• Exercise description:
Word for word, copy the listing below and leave out its images.

• Data shown:
========

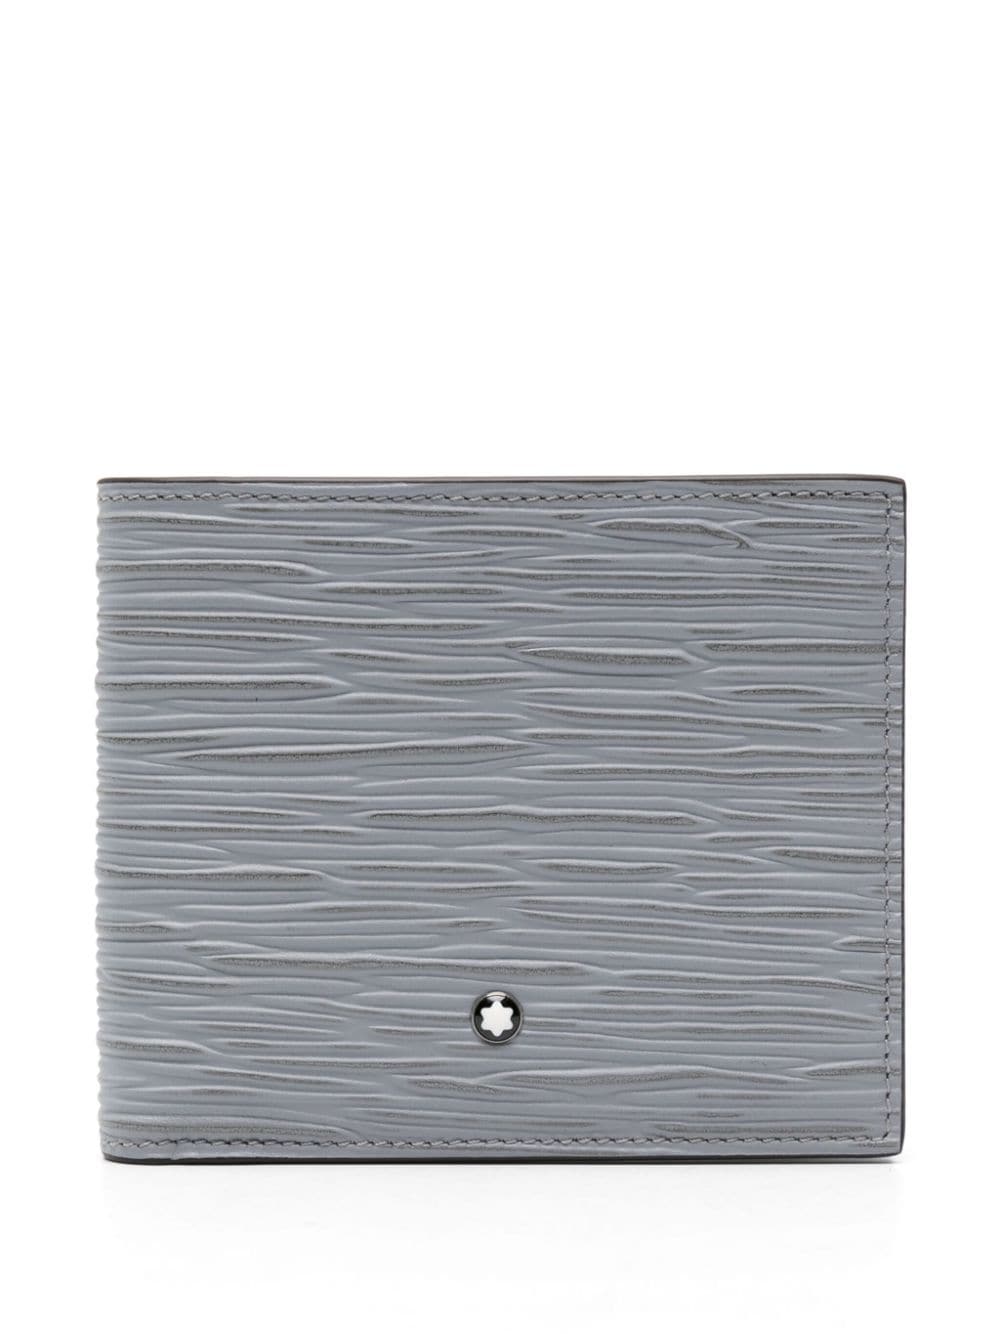 Montblanc 4810 leather wallet - Grigio
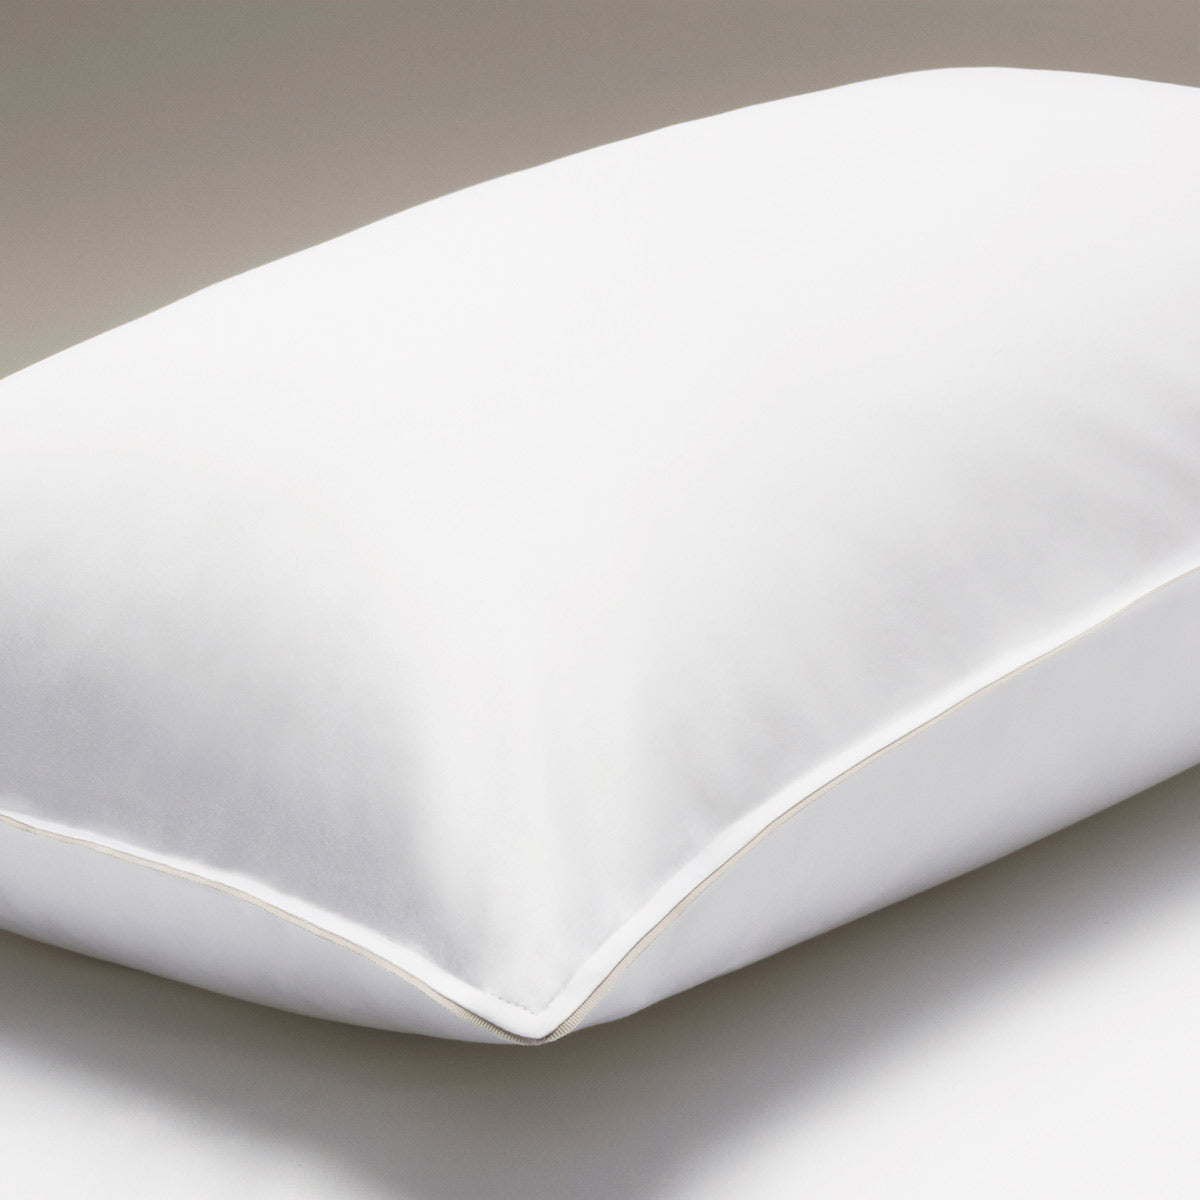 'Classic' Housewife Pillowcase – White with Grosgrain Trim - Josephine Home
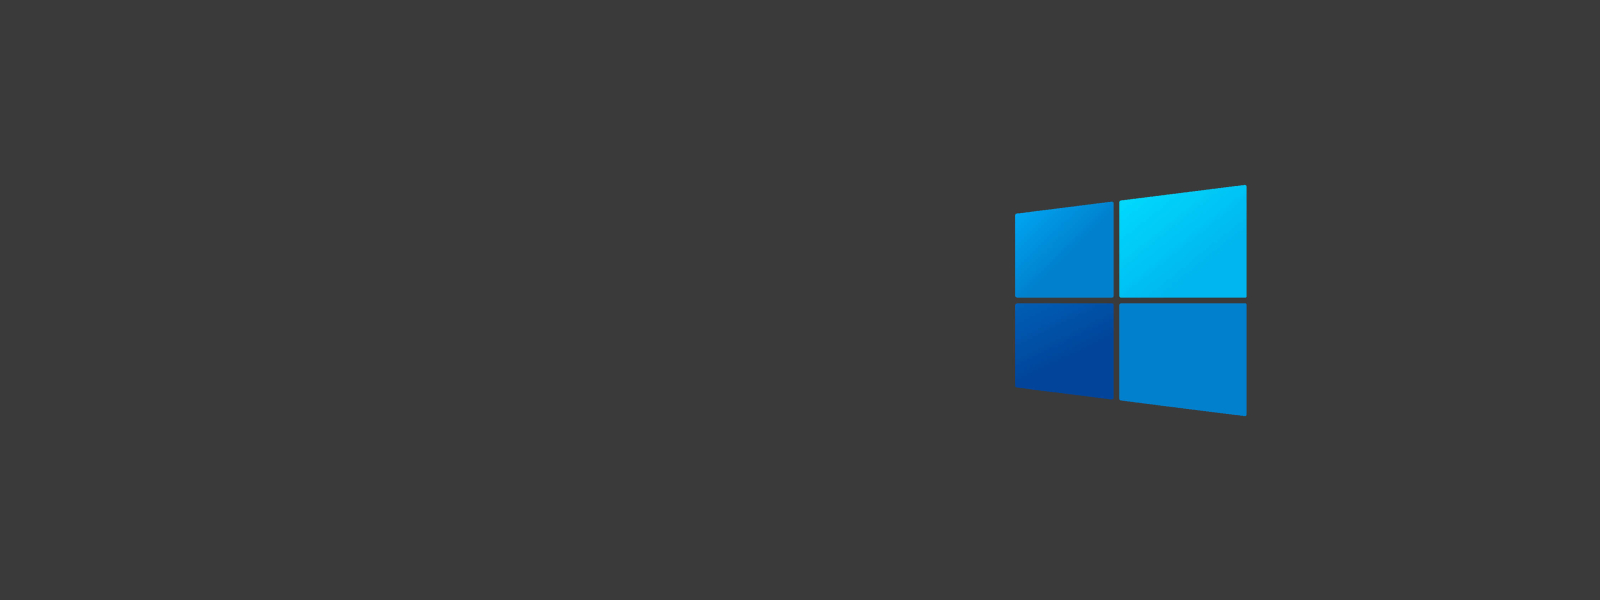 1600x600 Windows 10 Dark Logo Minimal 1600x600 Resolution Wallpaper, HD  Minimalist 4K Wallpapers, Images, Photos and Background - Wallpapers Den
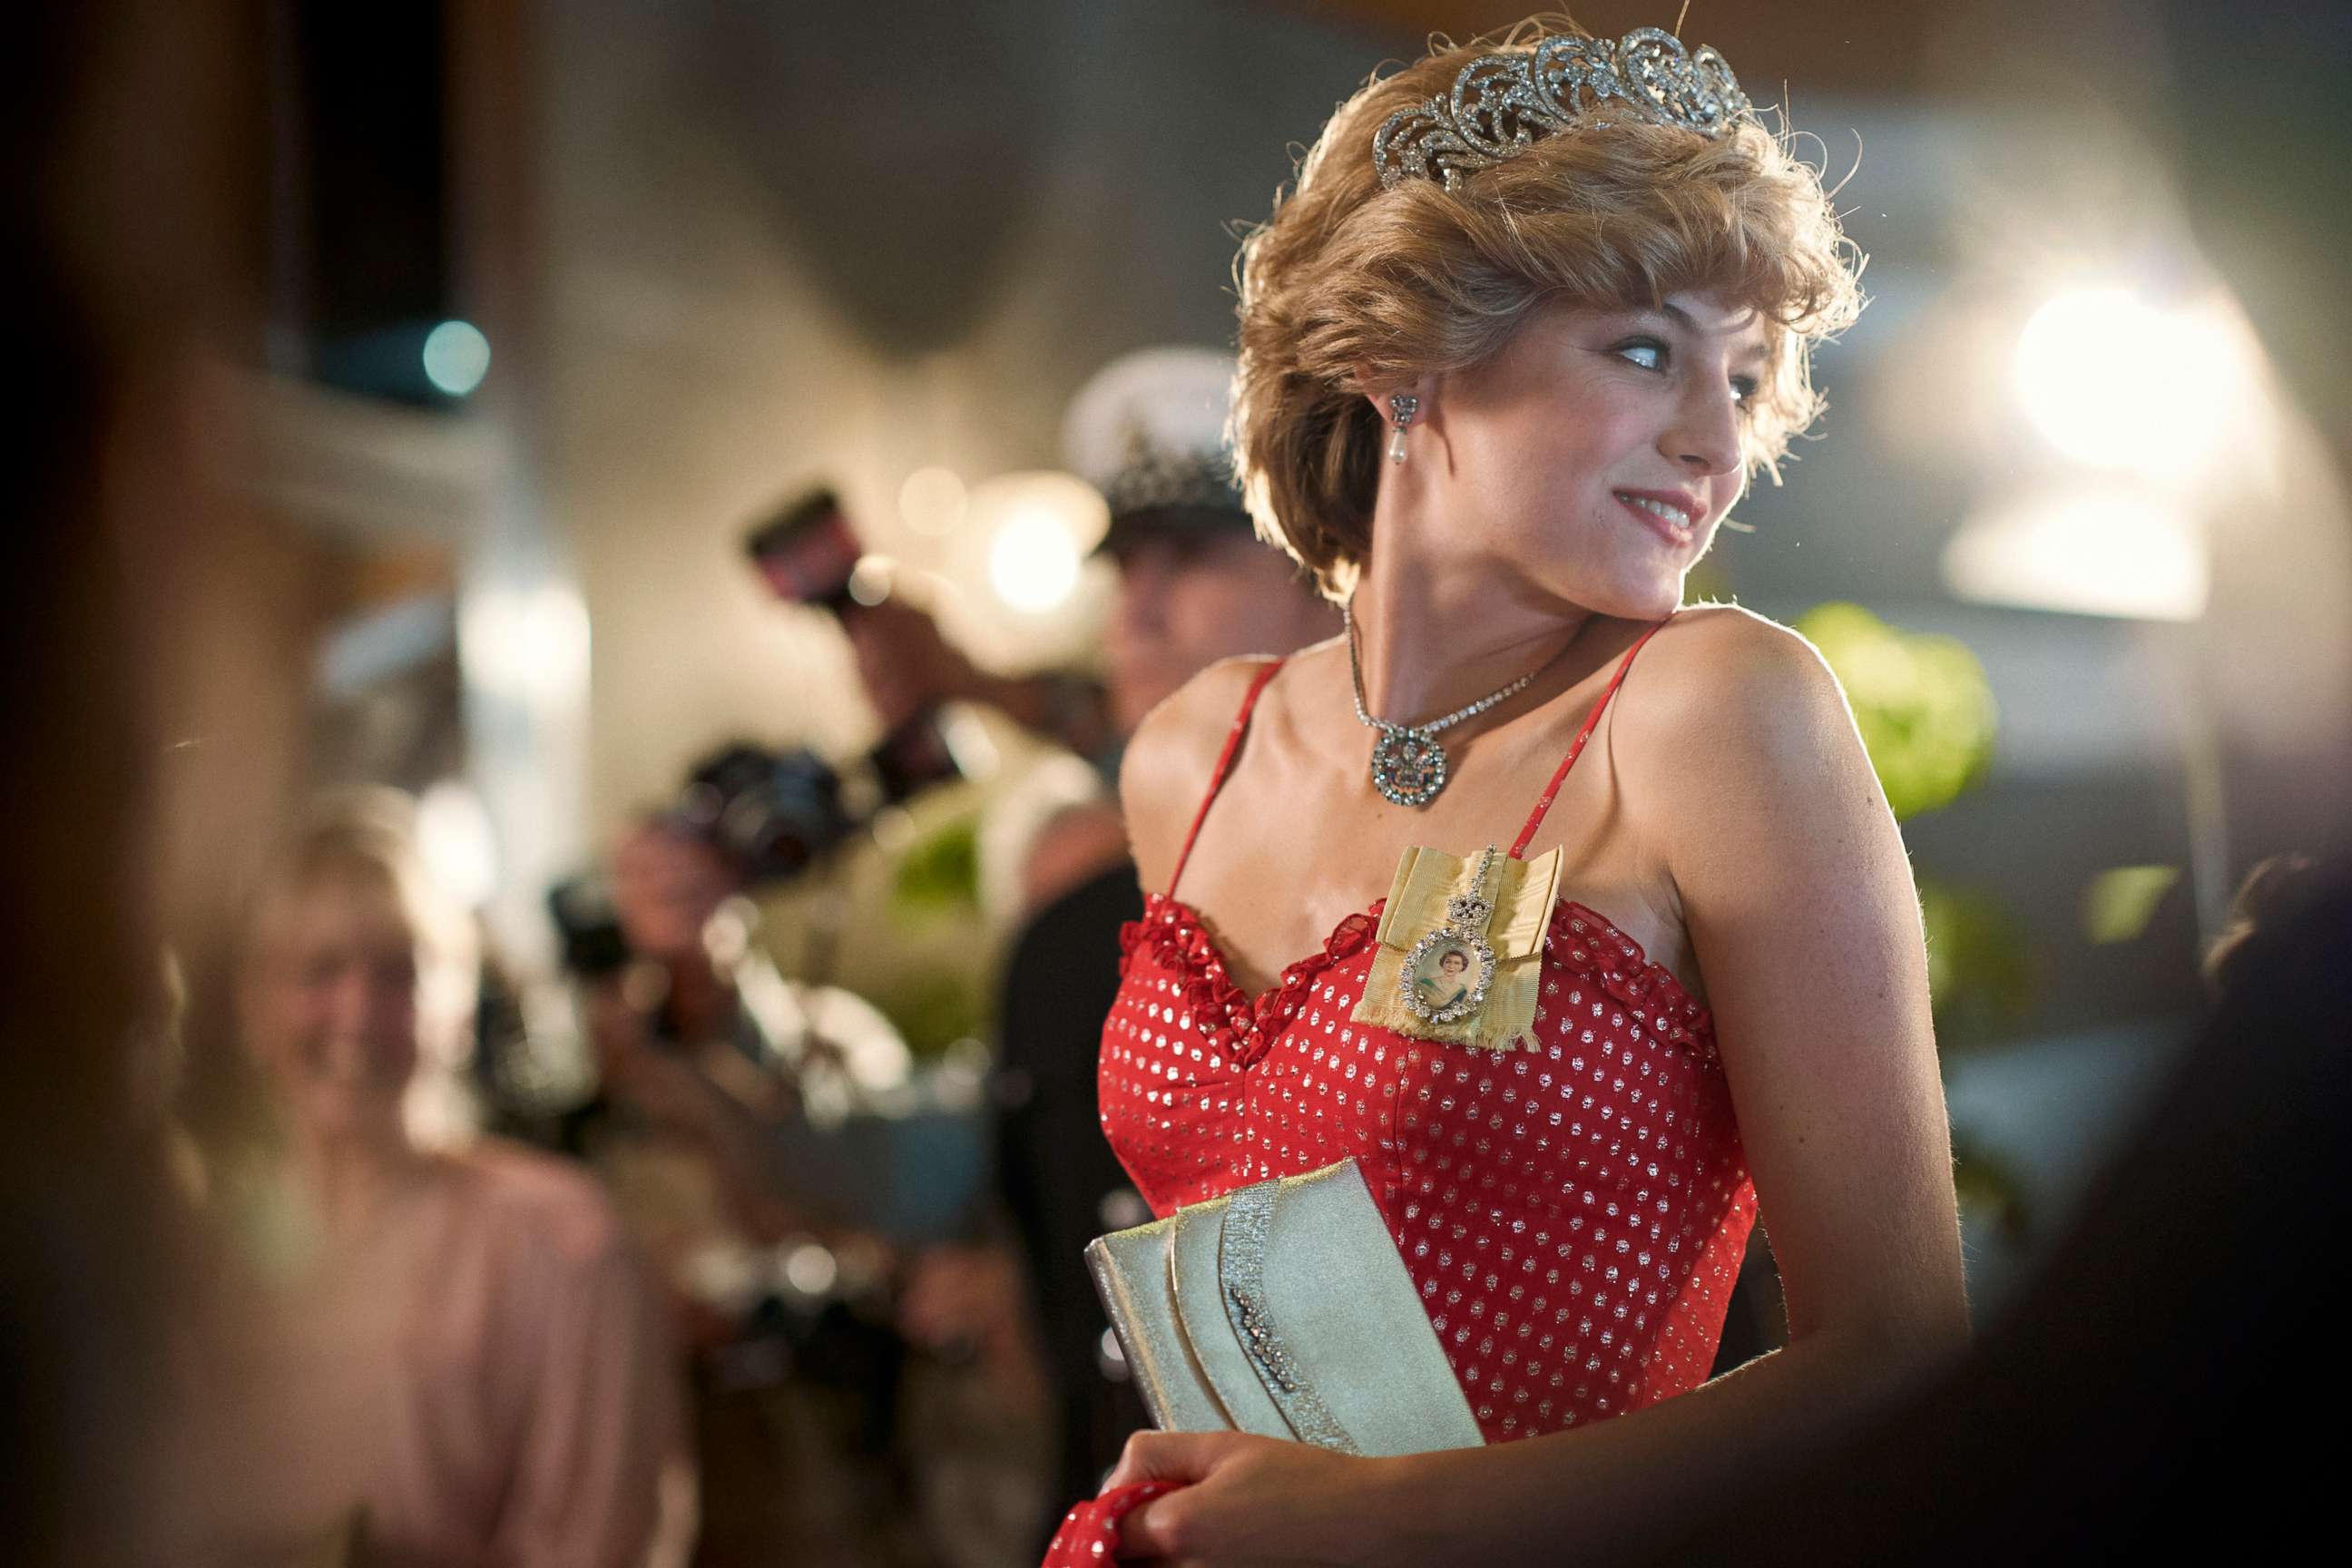 PHOTO: Emma Corrin portrays Diana Princess of Wales in Season 4 of "The Crown."

========

• Written answer:
 Montblanc 4810 leather wallet - Grigio
 'Classic' Housewife Pillowcase – White with Grosgrain Trim - Josephine Home
 1600x600 Windows 10 Dark Logo Minimal 1600x600 Resolution Wallpaper, HD  Minimalist 4K Wallpapers, Images, Photos and Background - Wallpapers Den
 PHOTO: Emma Corrin portrays Diana Princess of Wales in Season 4 of "The Crown."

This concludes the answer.